Il conserve sa virtuosité verbale, son talent de magicien du verbe, mais au service d’un retour à la tradition.
Dans son poème le plus célèbre « Bonne nuit, monde » il règle son compte avec le monde puant, aux oppresseurs à qui jamais il ne pardonnera. Même si pour honorer son peuple martyr il va utiliser des formes plus traditionnelles faisant des emprunts aux prières et aux textes bibliques comme les Psaumes. Il va interpeller le monde et Dieu, ne pardonnant ni à l’un ni à l’autre, assumant un rôle de prophète, hurlant que l’anéantissement des juifs n’a pas fait mourir la langue yiddish.
Cette « langue de personne » (Rachel Ertel), aura recouvert le puits de la mort. Il est dans un rejet total de cette culture européenne qui ne donne que les fours crématoires. Il est révolte, lui écartelé entre l’assimilation et la vie traditionnelle qu’il rejette toutes deux.
Glatstein a souvent « une langue qui vole en éclats pour faire voler en éclat le monde » :
Monde géant, monde puant,Ce n’est pas toi c’est moi qui fais claquer la porte.Avec la longue houppelande,Avec l’étoile jaune en feuAvec mon pas orgueilleux,…Je t’embrasse, vie juive écheveléeEt laisse-moi pleurer la joie de revenir.
Ce poème extraordinaire de refus absolu, de rage et de colère, claque dans le monde indifférent pour le réveiller.
Seulement une voix, mais une voix qui toujours se souvient. Et qui accuse :
Les cadavres ne chantent pas les louanges de Dieu
La Torah nous l’avons reçue au Sinaï
et à Lublin nous l’avons rendue
Les cadavres ne chantent pas les louanges de Dieu
Glatstein est « le souvenant » qui jamais ne pardonne le massacre de tous ces corps fusillés, calcinés, aux cendres dispersées. Il hurle pour briser le silence. Il met Dieu en demeure qui par absence ou négligence a laissé perdre six millions d’êtres de son peuple. Avec des accents poignants, orgueilleux et désespérés à la fois. L’amertume est plus forte que la plainte chez Glatstein.
Jacob Glatstein est l’un des grands poètes d’après le génocide, il s’identifie au rescapé, au survivant, au témoin pour qui il témoigne.
Il va devenir la voix de tous, un poète national d’un peuple dans « la langue de personne » désormais.
Il va se cogner contre « le mur pierreux de l’éternité » et Jacob Glatstein, un des grands poètes de ce temps, malgré de nombreuses traductions en anglais, n’a pas réussi à s’imposer au public américain, et ses locuteurs capables de le lire en yiddish s’en vont peu à peu.
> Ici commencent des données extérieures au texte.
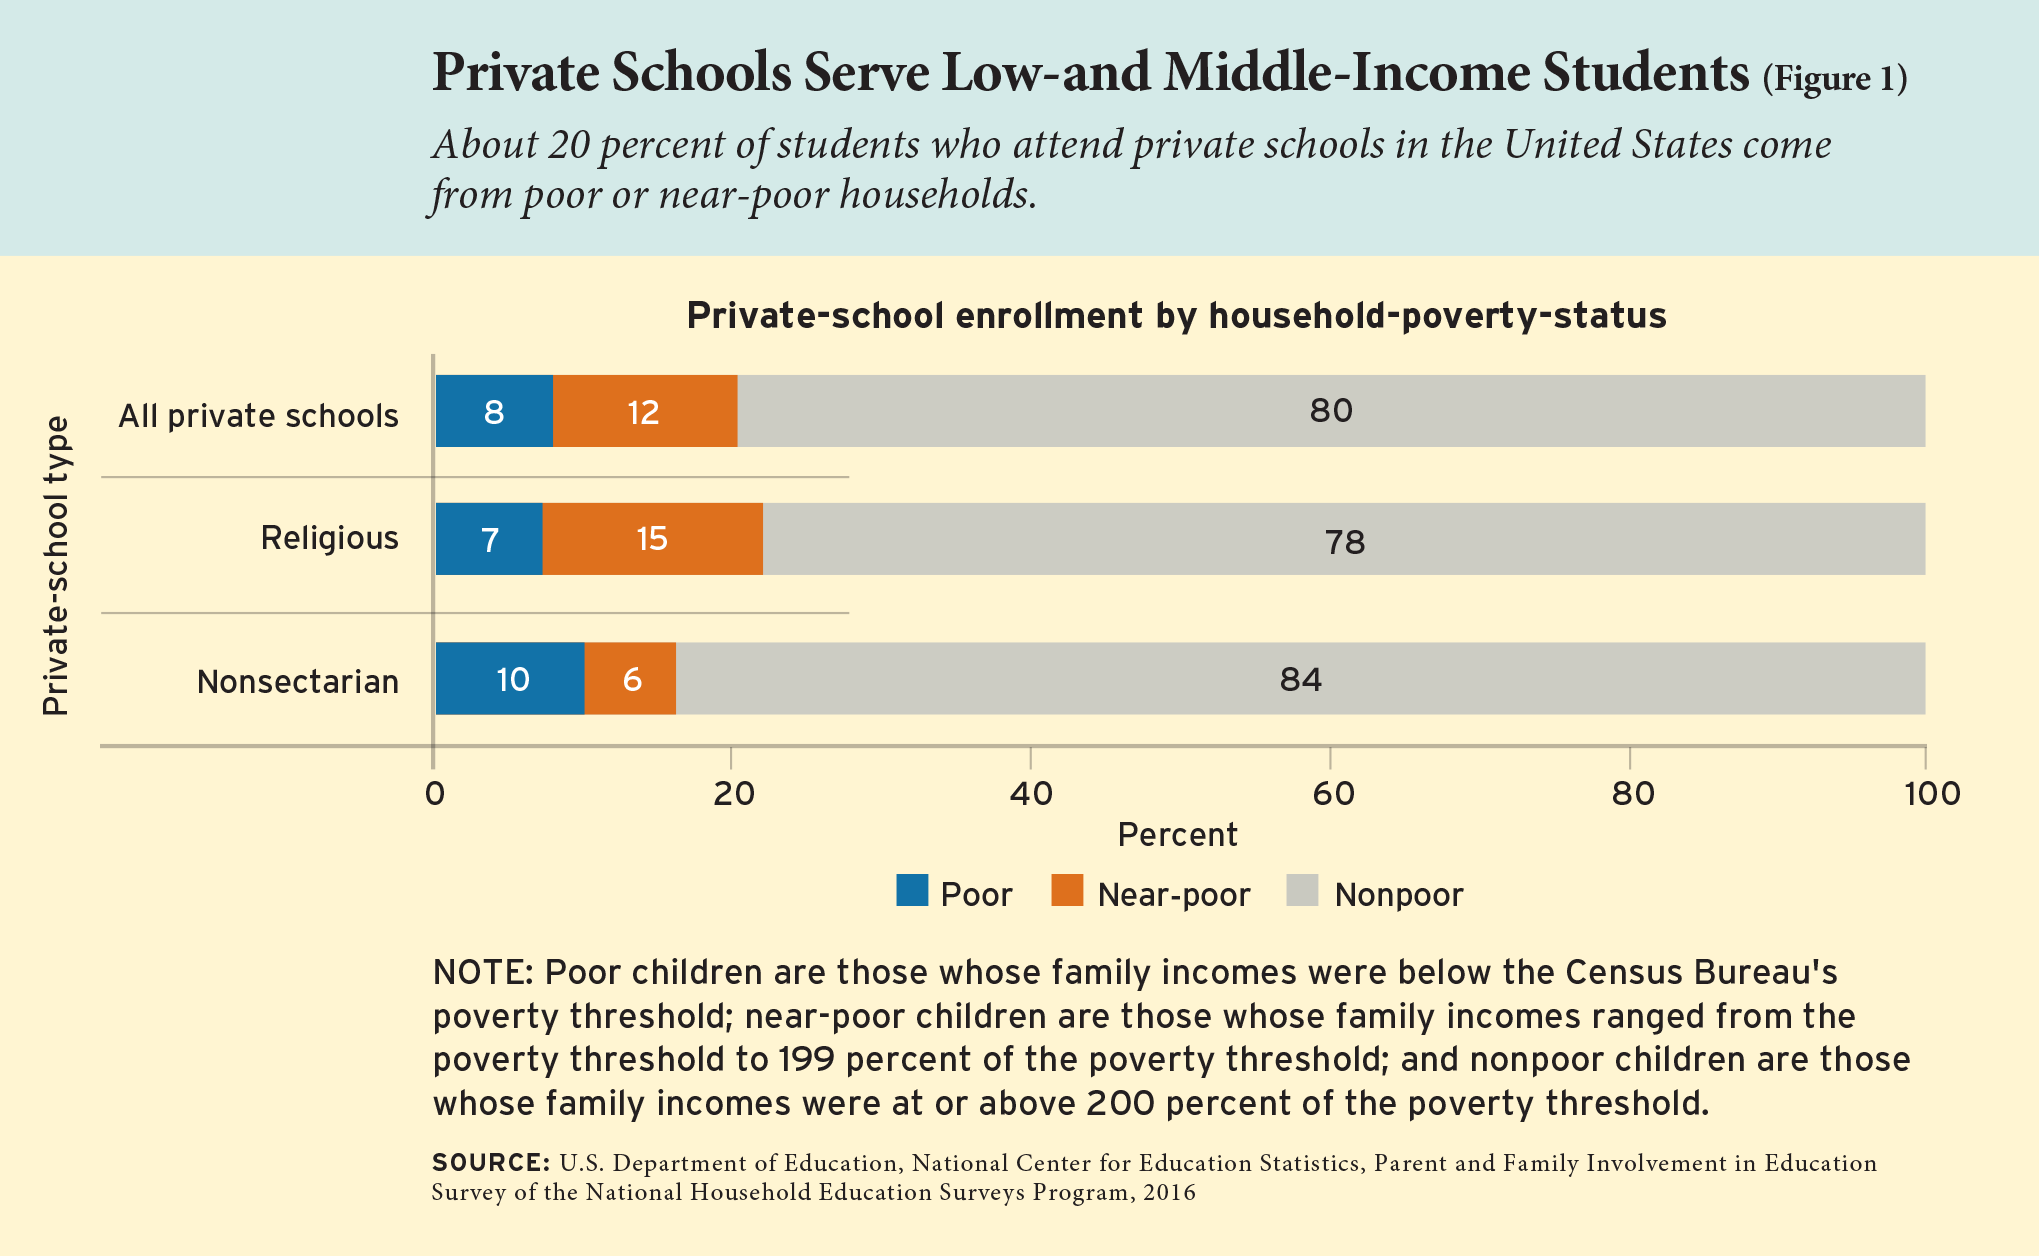 Figure 1: Private Schools Serve Low-and Middle-Income Students

Glatstein avait compris que son sort comme poète yiddish, dans une langue juive, était indissociable de celle de ses locuteurs.
Par la cheminée du four crématoire
un juif aspire vers la sainteté de l’UnEt quand la fumée de son corps se dissipeSa femme et ses enfants s’infiltrent dedans.
Et là-haut, dans le ciel pâle, Les Esprits saints gémissent.
Gil Pressnitzer
Sources:
Seulement une voix traduit par Rachel Ertel
Le Monde Yiddish: Littérature, chanson, arts plastiques, cinéma - Une légende à vif. Par Charles Dobzynski
Être juif Manès Sperber
l’Amour du yiddish. Écriture juive et sentiment de la langue. Régine Robin, Paris Le Sorbier. 1984.
American yiddish poetry Benjamin and Barbara Harshav,
Choix de textes
La langue de Jacob Glatstein nous a été restituée d’abord par Charles Dobzynski, puis par Rachel Ertel, qui directement à partir de leur langue maternelle, le yiddish, et de leur talent de poètes, ont su faire vivre légitimement la poésie de Glatstein.
Il existe des traductions en anglais et c’est à partir de celles-ci que quelques adaptations personnelles ont été tentées.
Elles ne viennent qu’en complément.
SEULEMENT UNE VOIX
Je me ferai pour toi - seulement une voix
pour ne pas que t’effraie le silence des ossements
dans la vallée des brûlés et des cendres.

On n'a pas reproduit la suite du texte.